Emotional Investing

Many investors make the mistake of regularly looking at their investment accounts. In a volatile market environment, a fluctuating market value combined with drama selling media, can create a false sense of urgency to watch investments closely. If you have an overall well-balanced, diversified portfolio with the right asset allocation and a re-balancing strategy in place, there is absolutely no reason to put yourself through the agony of watching the value of your investments go up and down. Market downturns, like the one we are clearly experiencing this year, are part of the regular Expansion-Correction Dynamic of financial markets and economies around the world. An investment statement showing a lower net value than the statement before, does not mean that money was lost. It means that you are experiencing a market downturn. This misconception and misinterpretation of reality and the nature of the markets, combined with faulty advice are the main contributors to investors actually losing money.

Our human impulses can lead us to make bad decisions when it comes to money and investing - bad mistakes like selling after market downturns. Losing money feels painful. In the psychology literature, the rule of thumb is that a loss is twice as bad as an equal-sized gain. Some think that the only way to stop that painful feeling is to get out of the market. But doing that is locking in those lower values and now money is lost. Moving everything into cash would be the same. If you don't sell, you can ride that roller coaster right back up when the market recovers, which it always has eventually. Selling in the midst of a crisis, can put yourself in a position where your portfolio will never recover. So, if you're feeling really emotional about something – you are really excited or you're really afraid - that's probably not the best time to make a financial decision.

Of course it’s easier to talk about it, than to actually watch an account drop. Looking at a balance that is, let’s say $10,000 below what was put in there a year earlier, can trigger a reaction wanting to pull the brakes before it gets any worse. While these kinds of feelings are human and understandable, it has been proven repeatedly that this is one of the major hurdles to reach performance goals.

What about additional investing? Should you keep putting money into an investment account, given where the markets are? The answer is yes, you want to keep investing. In times like that, you're able to take advantage of the lower-cost value stocks in the market. Unfortunately, emotions will trick us here as well. While many feel encouraged to invest more money after a positive year in the market, many feel discouraged to throw more money at something that has just ‘lost’ in value. It should be the other way around. We're all going to go for a good sale at the grocery store, in the mall or our favorite clothing store. Why not for investments? Think about it that way.

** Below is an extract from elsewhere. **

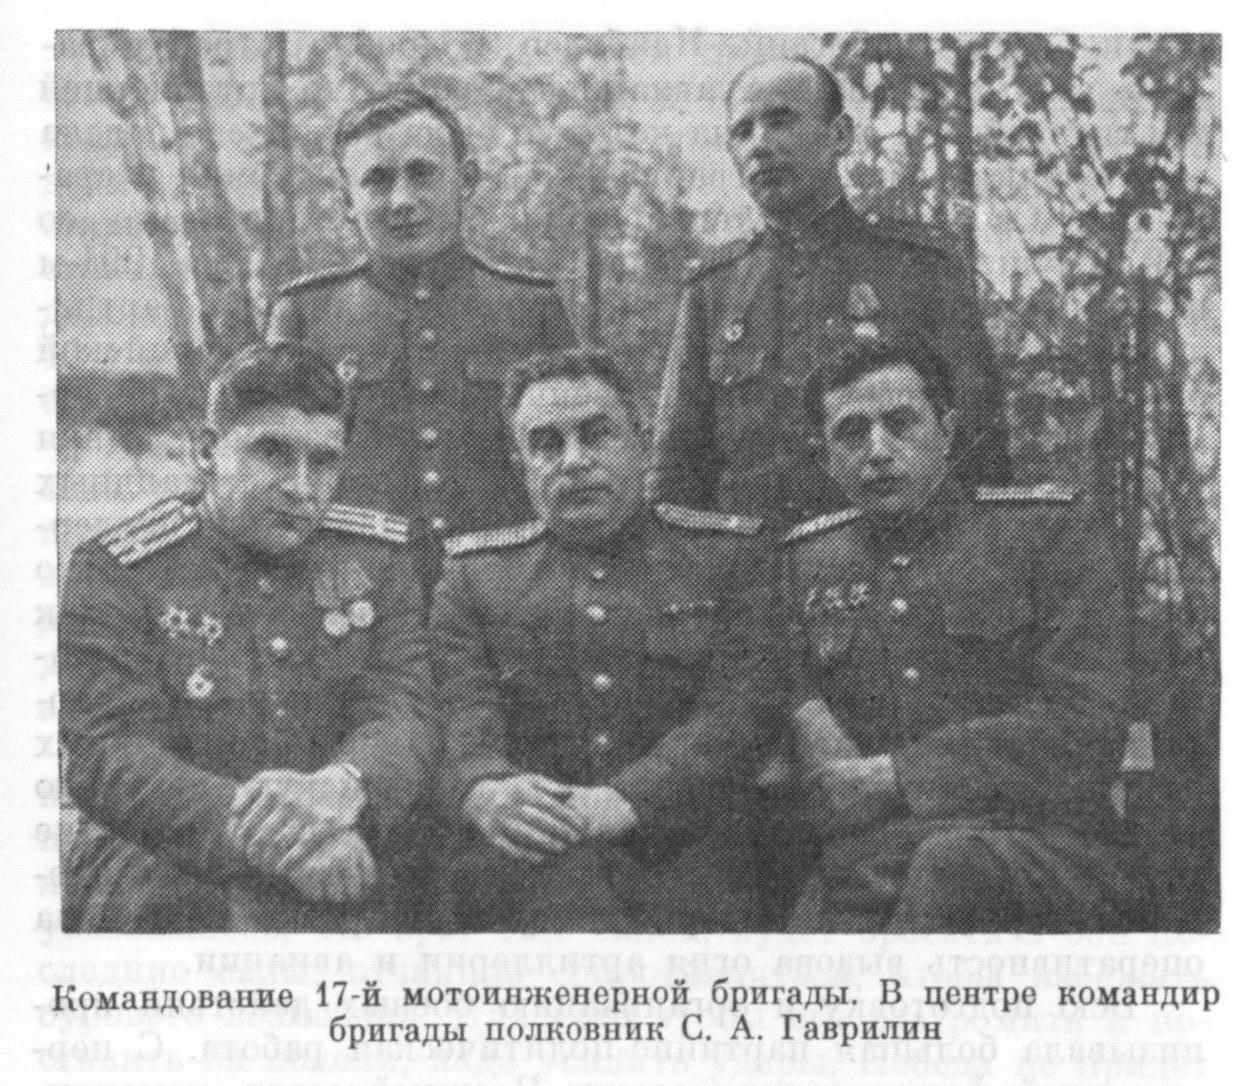 1я гв танковая бригада product_image

Having said all that, it is not quite as simple and the same for everyone. There are more components to successful investing than just keeping your emotions in check. Your age, long term goals, income expectations, tax circumstances, risk aversity and most importantly your time horizon for taking income must be considered when designing and maintaining your overall portfolio. It is also important to have the right investments. There are companies that take longer to recover or may not recover at all after a downturn and need to be eliminated from your portfolios. All that is part of having a well balanced diversified and actively maintained portfolio and will be especially important in 2023 with a possible recession and very selective market.